Assuming that smart autodidacts can't obtain sound statistics knowledge is selling many people short.
I think you are right in that it sells many people short, but then again having no good academic credentials is selling yourself short.

Data science is not like security. There it is more accepted that good engineers/researchers do not necessarily have the best accreditation. It seems that data science/engineering is turning around to this though.

It's not that autodidacts can not build bridges, it is that the people with the data and money do not want their bridges build by autodidacts.

Anyway... back to studying http://statweb.stanford.edu/~tibs/ElemStatLearn/ for me :).

No. A phd in statistics or economics means almost nothing at this point. Even if it did, truly, signal mastery of the content, which it doesn't anymore, it would signal to most people who do this kind of work that you're way overqualified while simultaneously being totally ignorant of the day-to-day work of actual data scientists.

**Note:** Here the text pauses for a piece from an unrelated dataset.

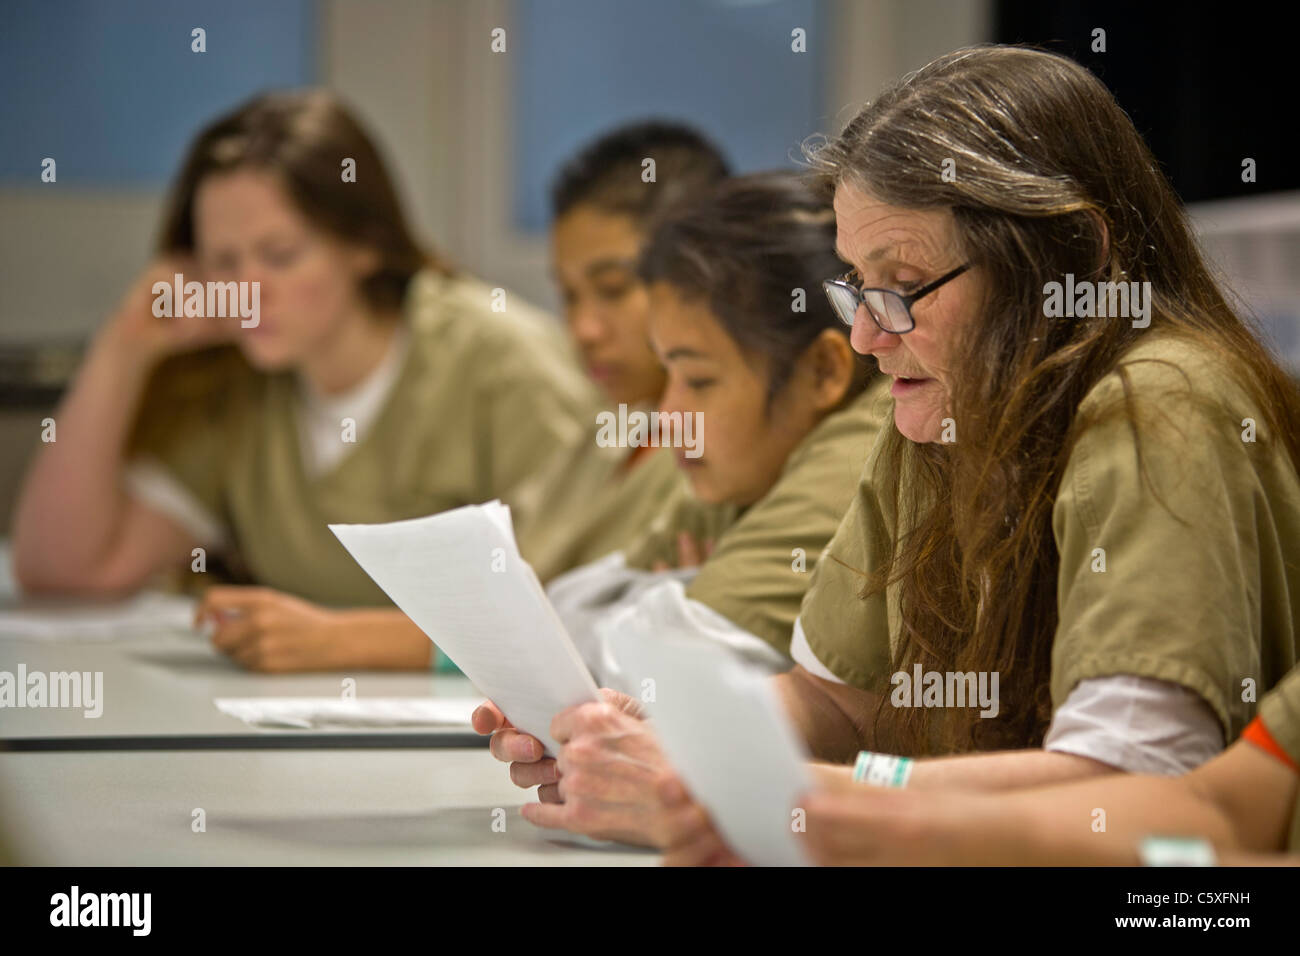 Détenus de la prison des femmes en uniforme participent à un séminaire de traitement de la toxicomanie à Santa Ana, CA. Remarque variété d'âges et de races. Banque D'Images

If you want to be a useful data scientist, do a lot of work with data. If you have strong programming skills and are flexible and a quick learner then you will do well.

Spending the better part of your young adulthood getting a phd in statistics, unless you want to go into academia, just makes you look like a fool.

There absolutely are problems that require a more rigorous mathematical training than you get from undergraduate courses or day-to-day experience. Most data scientists and companies may not be tackling these problems, but they certainly exist.

Just having a PhD will open doors for you that would otherwise be shut. But before pursuing that degree, you should be confident that you enjoy working in the field and want to devote your career to it. Also, you have to be prepared to work hard, not just to get the degree, but then to land a job where you'll put that experience to use. Otherwise, you'll be sharing a cubicle with DataWorker and feeling like a fool.

That said, if you don't know whether you need a PhD, that means you probably don't know what kinds of problem you want to work on. And in that case, there's a good chance you'll end up working on a problem that only interests your advisor and nobody else (most PhD advisors have more students than they have good problems to work on). In that case, I wouldn't recommend it.

I've had complete opposite experience. Do the people who hire for this kind of work often bet on non-PhD candidates? Do they trust themselves to separate the wheat from the chaff?

Don't you want a colleague who is able to mention seminal papers for specific problems? Who is able to read and understand these papers and can distill useful features and optimizations from them?

People with PhD who go into business, usually end up in the better positions. They hire other PhD's for the good positions to keep the signal (mastery of the content) stronger.

As someone who did a lot of work with data I have little problem with my usefulness, but a lot of problems opening doors to the really interesting data companies (lacking a proper academic network). I wish I had gotten that PhD, because right now applying to Google, Microsoft, Facebook, Yahoo or eBay for data science positions makes me look like a fool.

I've met a lot of fools who've quoted all the right works, in both Computer Science and Data Science. Computer Science fools usually get fired. Data Science fools seem to get promoted to Yes-man status. It's a lot harder to lie about your code than it is with statistics; As the old adage goes, it right behind Lies and Damned Lies.
You've said "No", but you haven't countered the posters claims. Are in fact most data scientists PhD/Masters people? I hear the same information at a mid-sized tech company. I also hear similar things about Intel.
>Spending the better part of your young adulthood getting a phd in statistics, unless you want to go into academia, just makes you look like a fool.

This is why you are a DataWorker, and not a dataScientist.

Anyone can push bits around. It takes a trained mind to corral them using careful experimentation and observation.